Rai Cinema S.p.A. is an Italian film production company owned by RAI, the national public broadcaster of Italy. Since its inception, the company has invested nearly €1 billion in the production of over 900 films.

==History==
Rai Cinema was formed as a spin-off of RAI's former Acquisto, Produzione e Vendita (APV) branch. The company was incorporated on 1 December 1999, and operations commenced on 1 June 2000. Giuliano Montaldo was appointed its first president, a role he held until 2004. Franco Scaglia took over following Montaldo's departure, and remained in the position until 2013. Paolo Del Brocco was elected CEO in 2010.

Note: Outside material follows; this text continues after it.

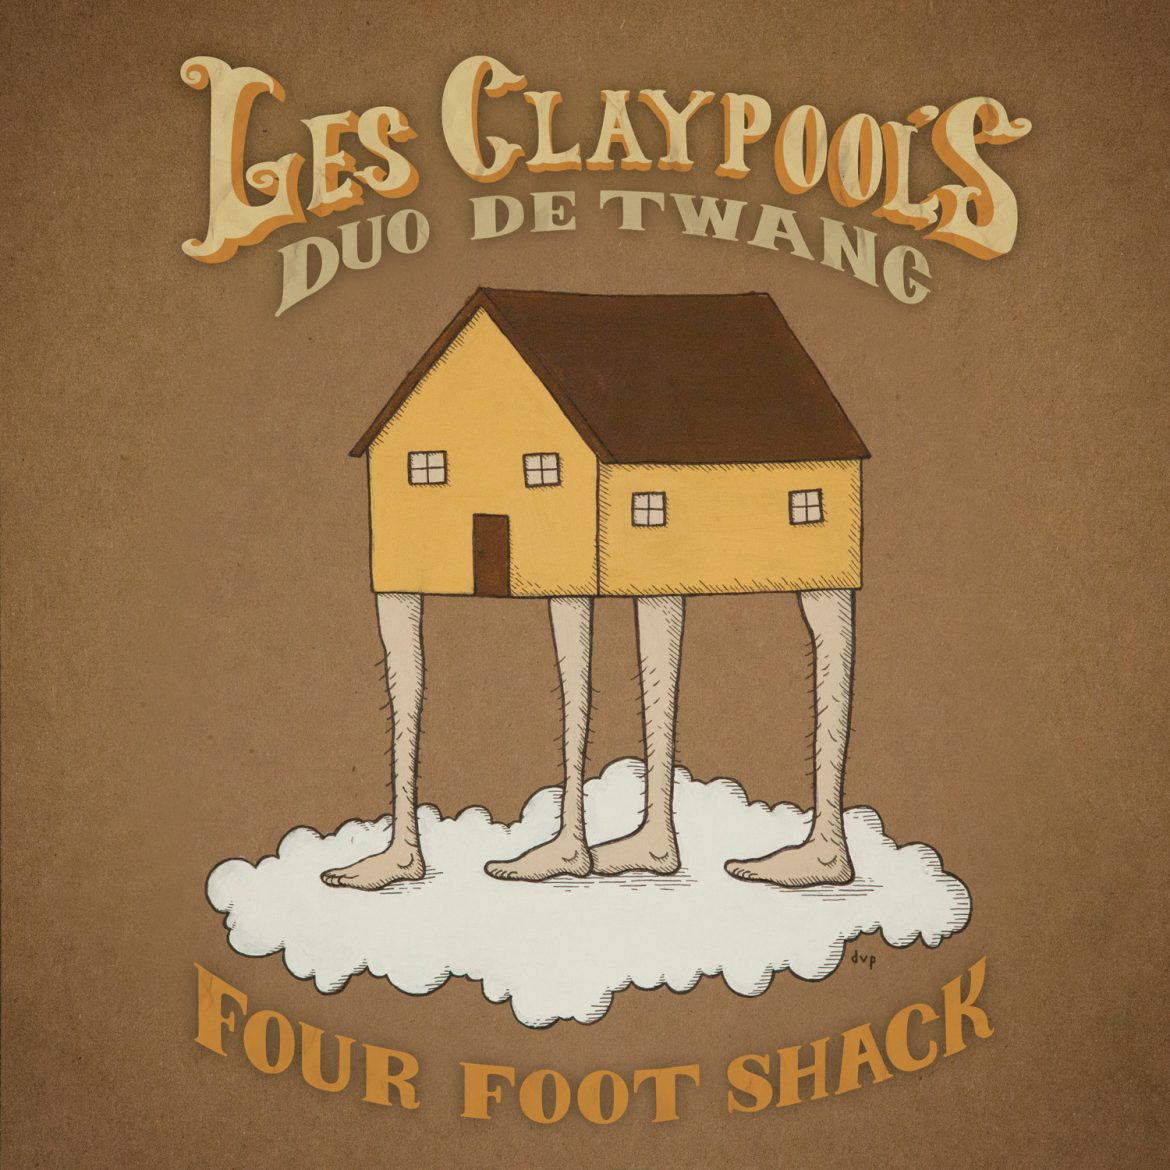 Les Claypool Duo de Twang “Four Foot Shack”, nuevo disco

By 2010, Rai Cinema had contributed to the production of over 300 films, investing a total of €425 million. In 2004, the company invested around €30 million in production costs for its films. That figure increased to €45 million in 2010 and €65 million in 2015. In May 2018, Rai Cinema joined the Globalgate Entertainment consortium. In 2022, the company invested €85 million in the production of 80 films.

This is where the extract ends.